Pleading Economic Loss in the Context of Price Rebounds
The Second Circuit vacated the district court’s dismissal and, in doing so, rejected the line of lower court decisions (relied upon by the district court) that held that a securities fraud plaintiff suffers no economic loss where the stock price rebounds above the plaintiff’s purchase price after the final alleged corrective disclosure. In reversing the district court, the Second Circuit found that the lower court’s analysis was inconsistent with the traditional out-of-pocket measure of damages which permits a plaintiff to recover damages for economic loss based upon the difference between the price paid for the stock and the value of the stock when bought. The Second Circuit also held that the district court’s reasoning did not comport with the “bounce back” provision in the Private Securities Litigation Reform Act of 1995 (PSLRA). This statutory provision caps the amount of damages available in a securities fraud action to the difference between the purchase price paid and the mean trading price of the stock during a 90-day period after the corrective disclosure is disseminated to the market. The court further explained it would be improper to offset gains that the plaintiff recovers after the fraud becomes known against losses caused by the revelation of the fraud if the stock recovers value for completely unrelated reasons because such a holding would place the plaintiff in a worse position than it would have been in absent the fraud.

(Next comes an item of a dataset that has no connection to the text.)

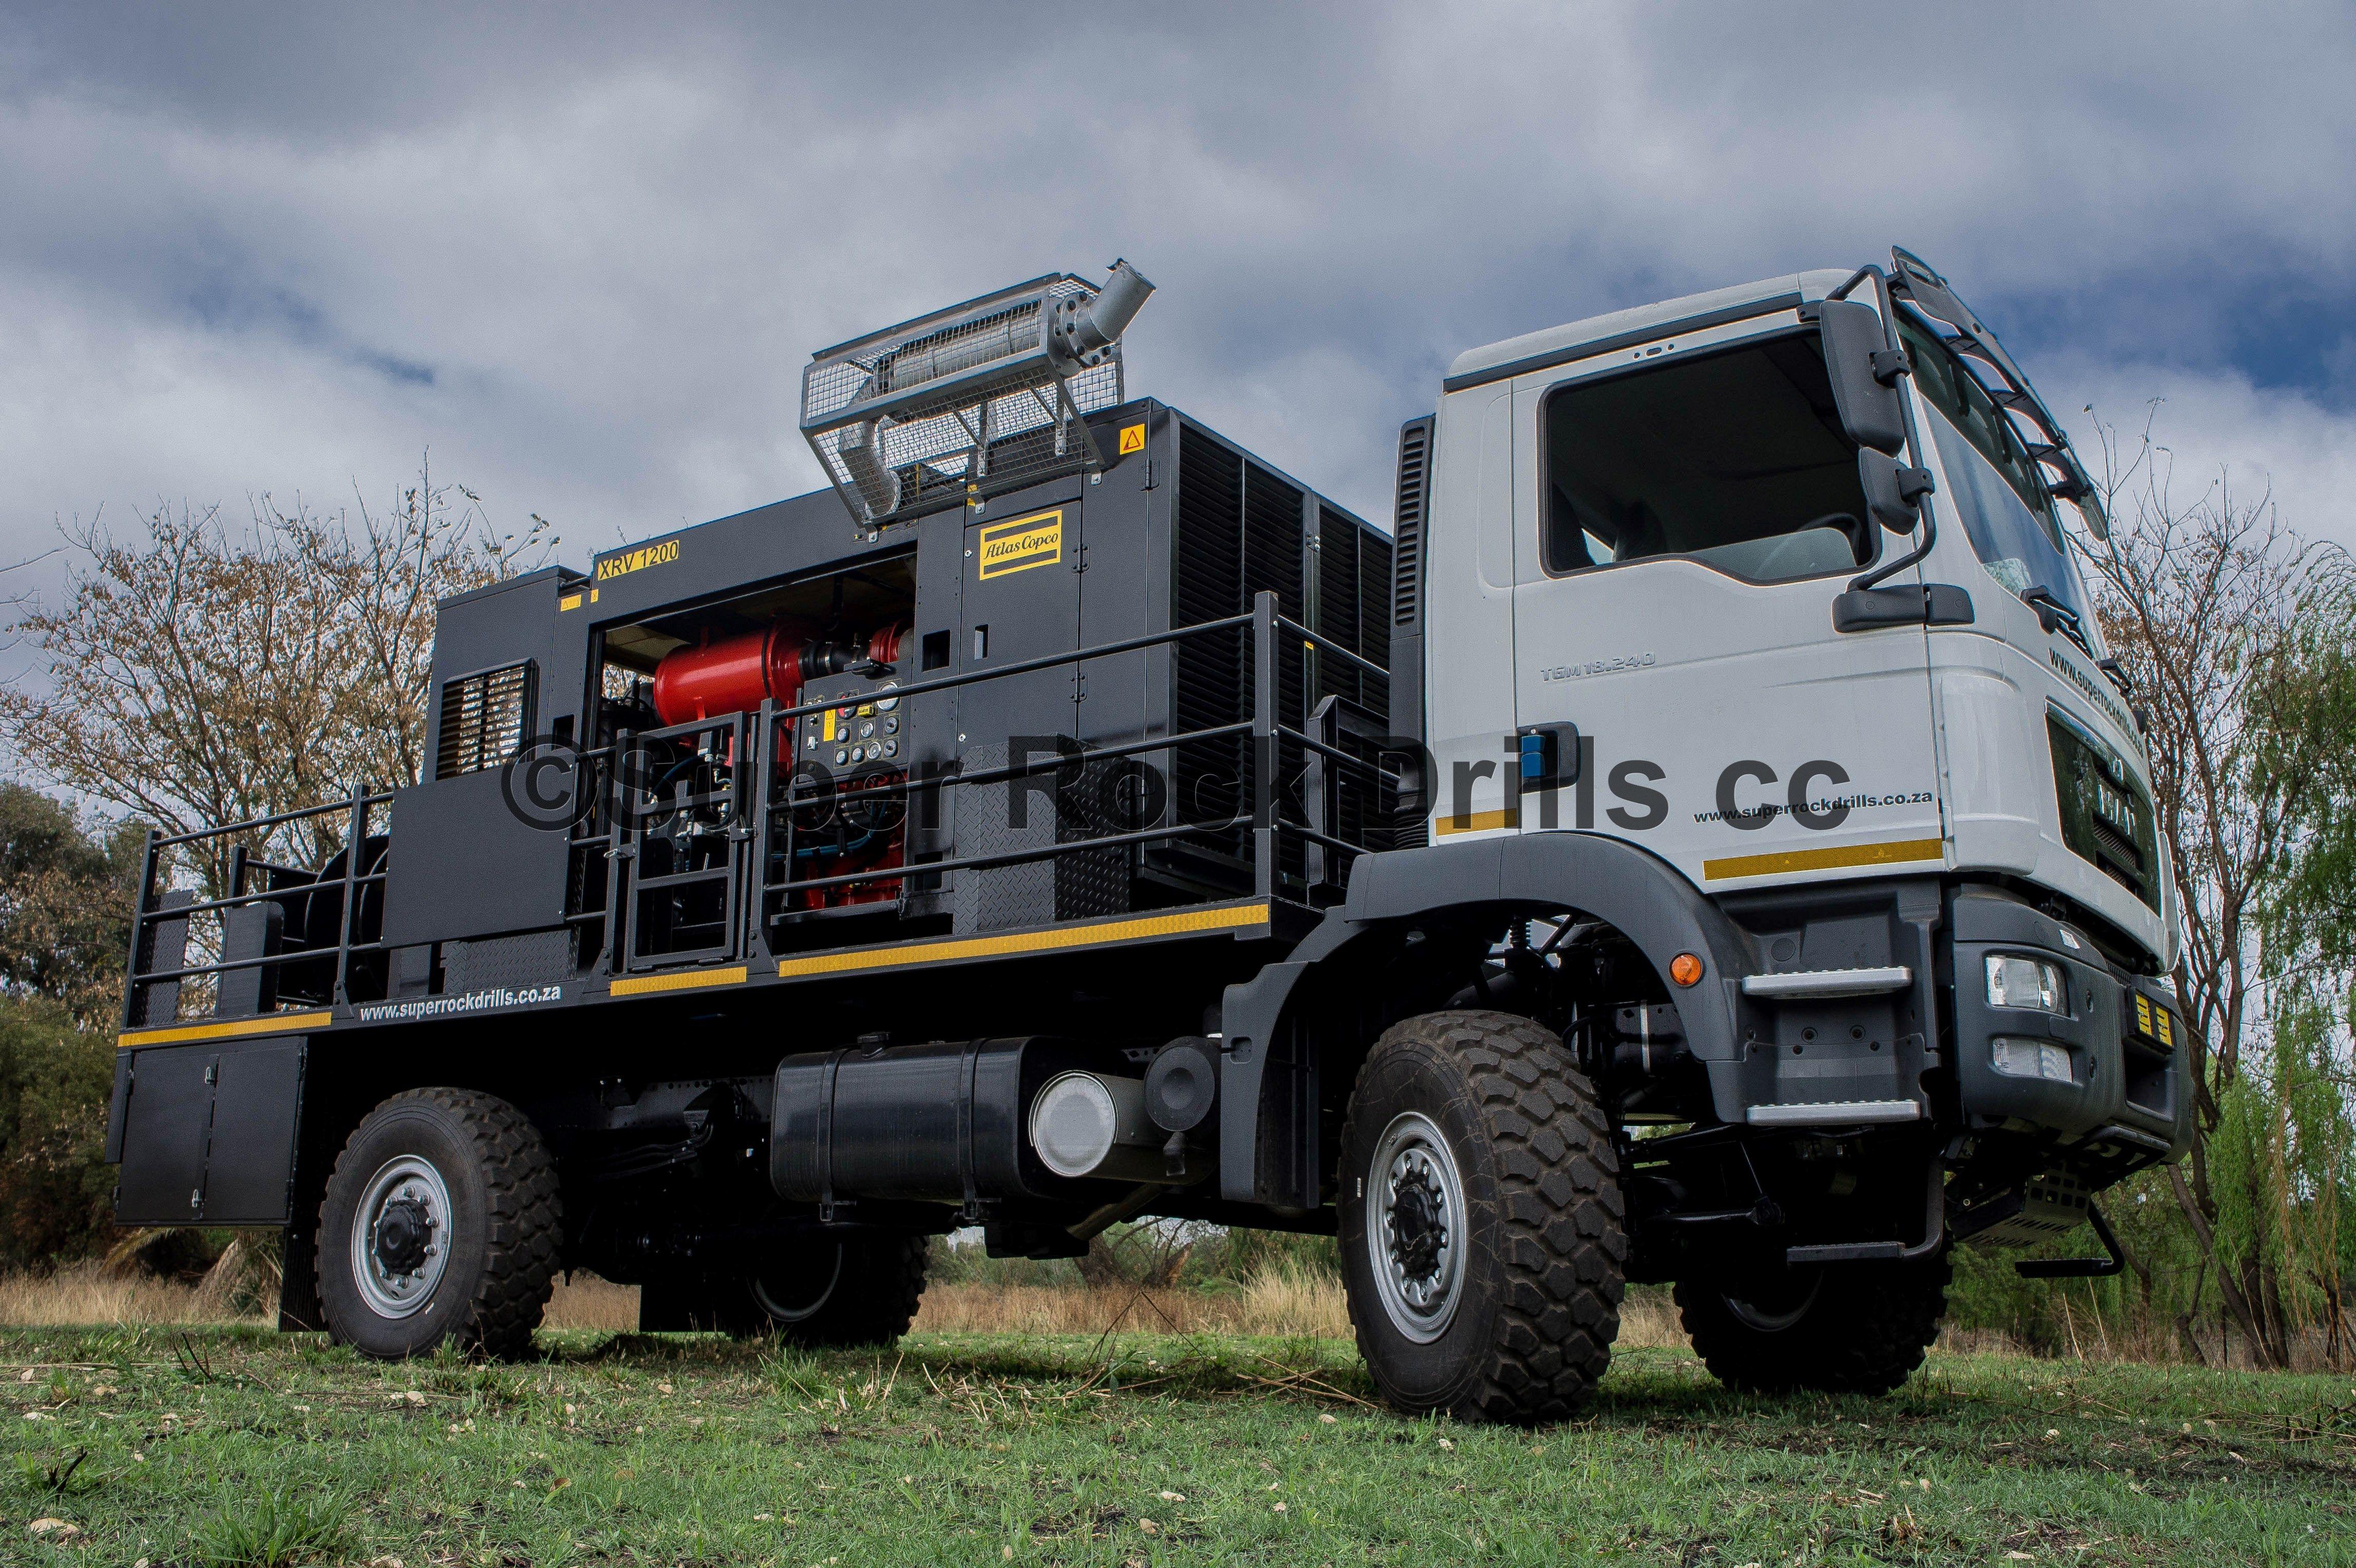 Atlas Copco Compressor Mounted Onto A New Man Truck Drilling Rig Drilling Machine Drill
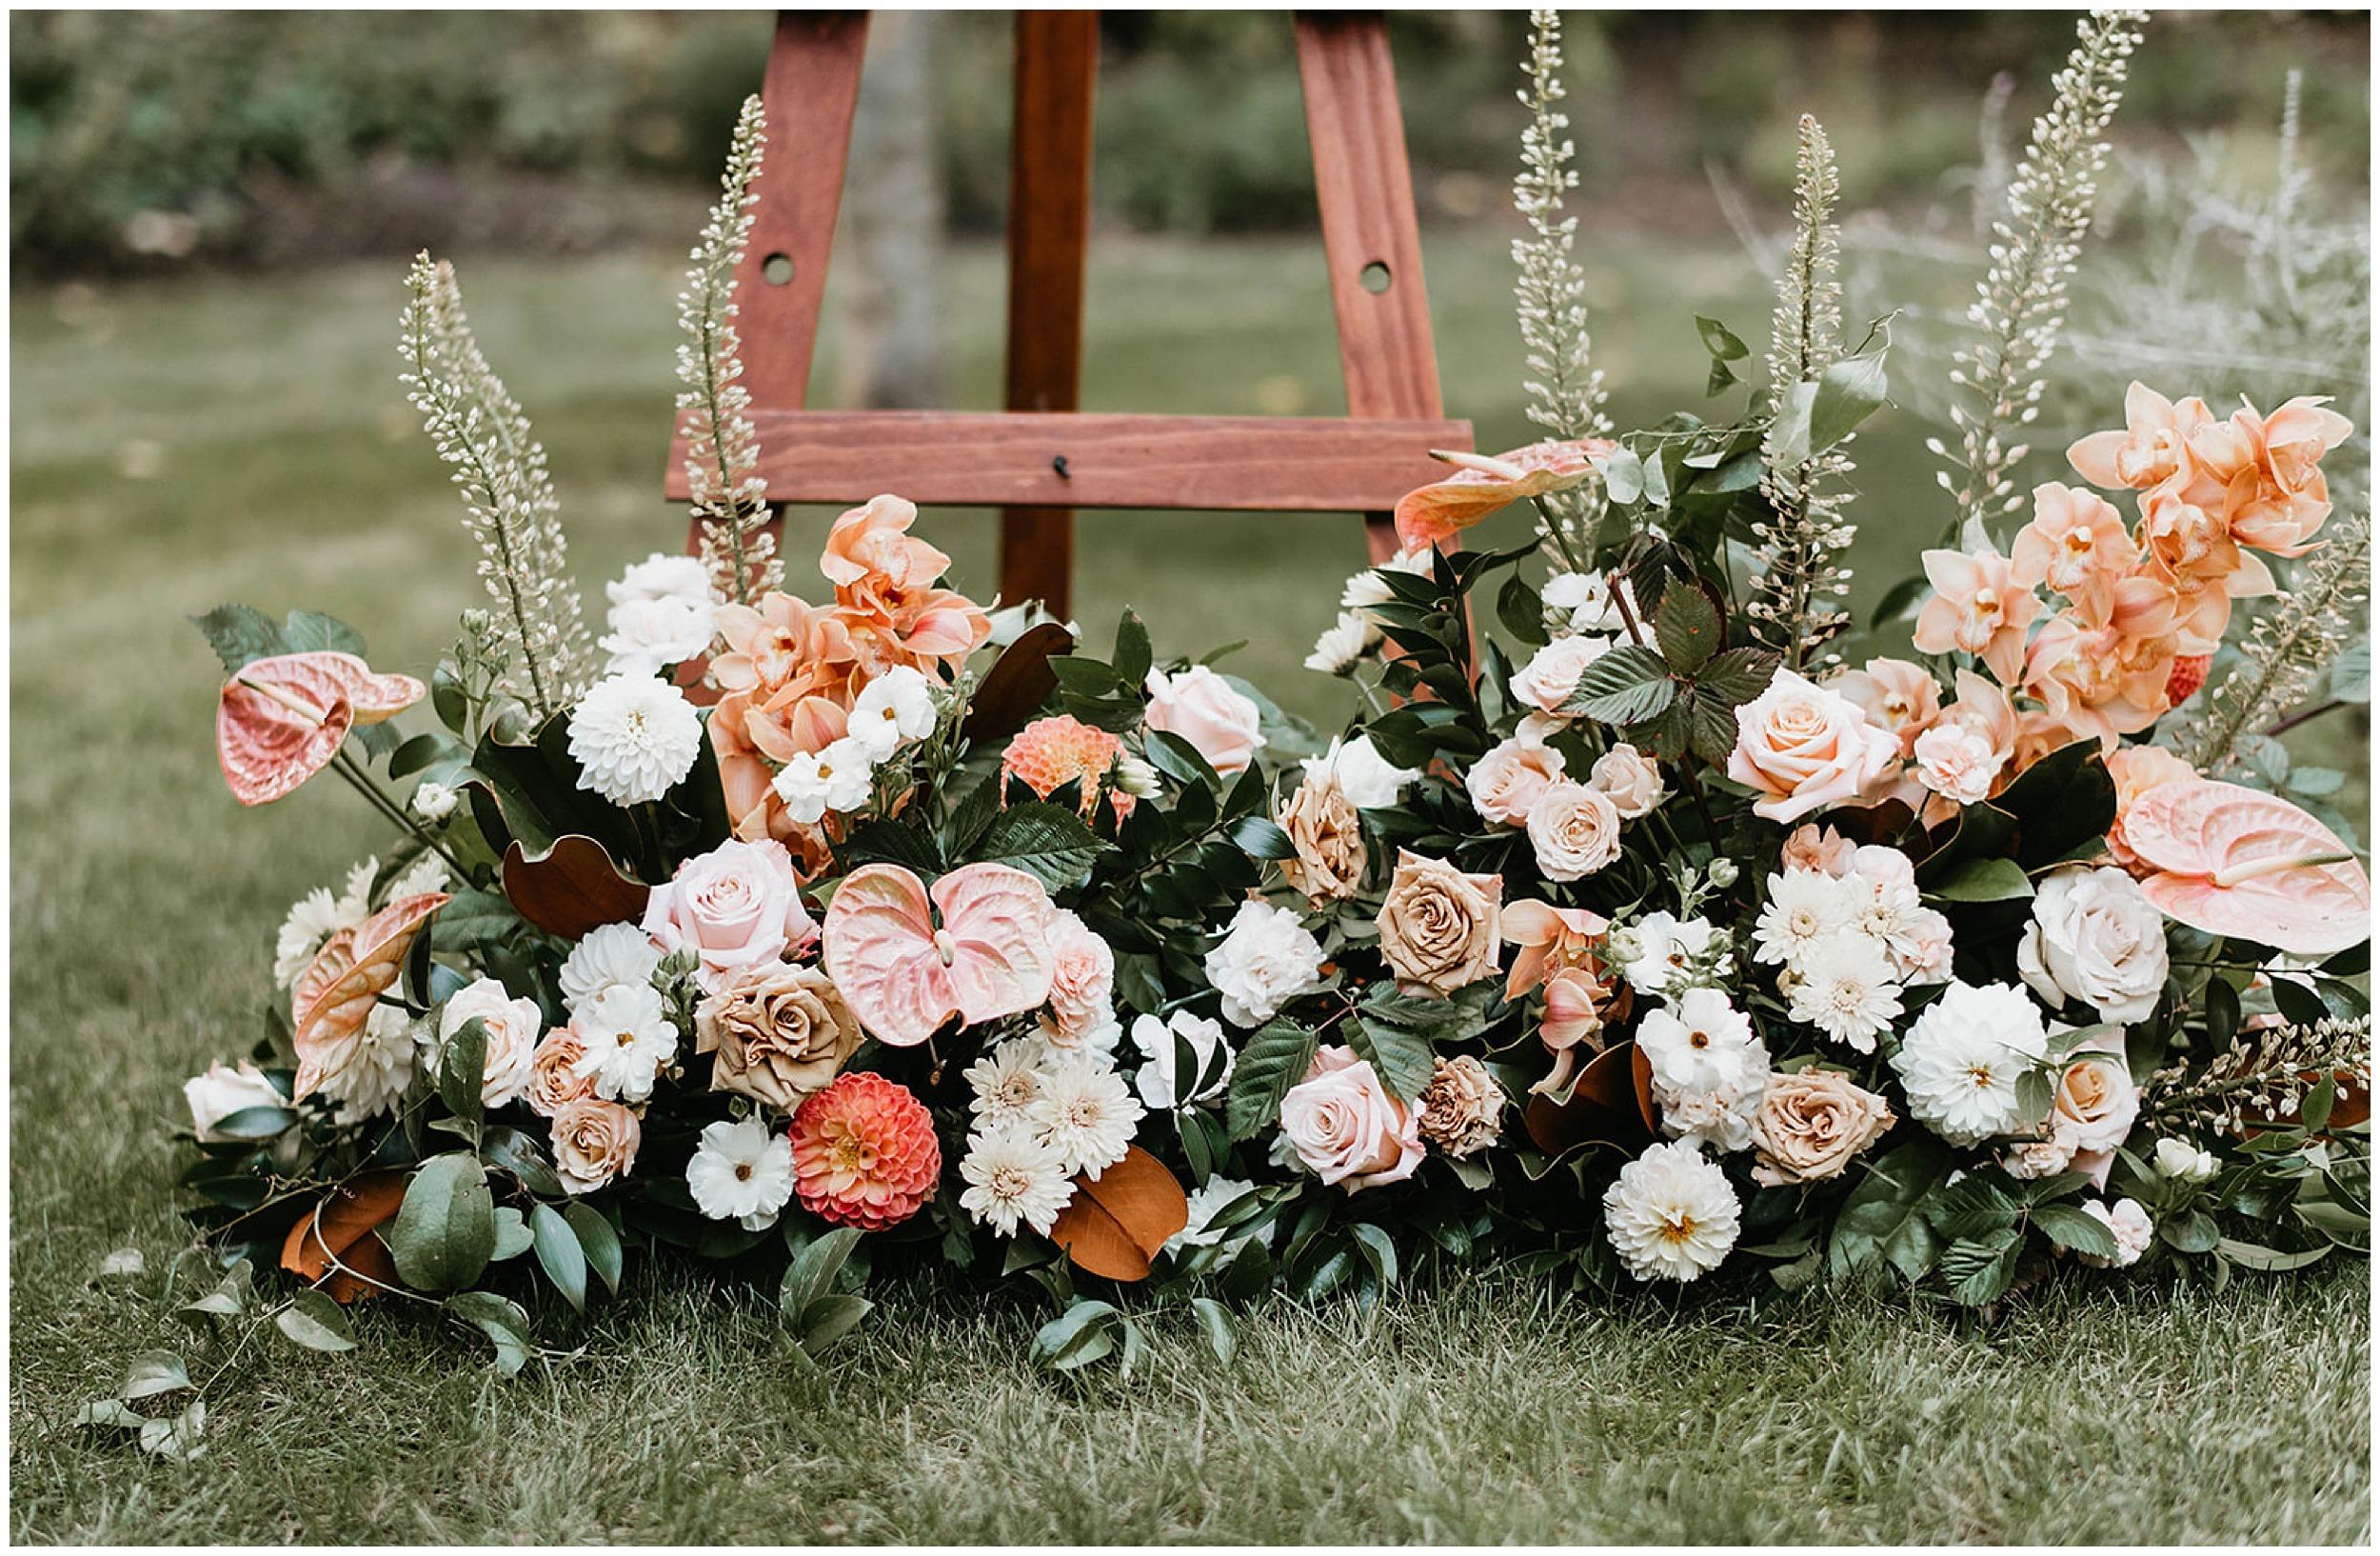 warm wedding flowers

The Second Circuit found that the plaintiff had satisfied the pleading requirements of Dura because it alleged something more than the mere fact that it had purchased NEP shares at an inflated price; specifically, the plaintiff alleged that the price of NEP stock dropped after the alleged fraud became known. Although it was undisputed that the NEP stock price recovered above the plaintiff’s average purchase price, the court stated that it did not know at the pleading stage whether those price rebounds represented the market’s reaction to the alleged corrective disclosure or whether they represented unrelated gains in the company’s stock price. Drawing all favorable inferences in favor of the plaintiff for purposes of evaluating a motion to dismiss, the court assumed that the price rose for reasons unrelated to the initial drop. Consequently, the court held that at this stage of the litigation, the subsequent price recovery did not negate the inference that the plaintiff had suffered an economic loss. Accordingly, the Second Circuit concluded that dismissal as a matter of law on economic loss grounds was inappropriate.
The Second Circuit’s decision in China North East Petroleum is important because it holds that a stock price rebound following a corrective disclosure does not necessarily mean that a plaintiff cannot prove economic loss or loss causation. In jurisdictions that follow this decision, it will be more difficult to obtain dismissal on the pleadings due to the absence of economic loss or loss causation as a matter of law. Instead, in such jurisdictions, defendants will need to develop evidence at the class certification and/or summary judgment stage to link the subsequent price recovery to the alleged corrective disclosure.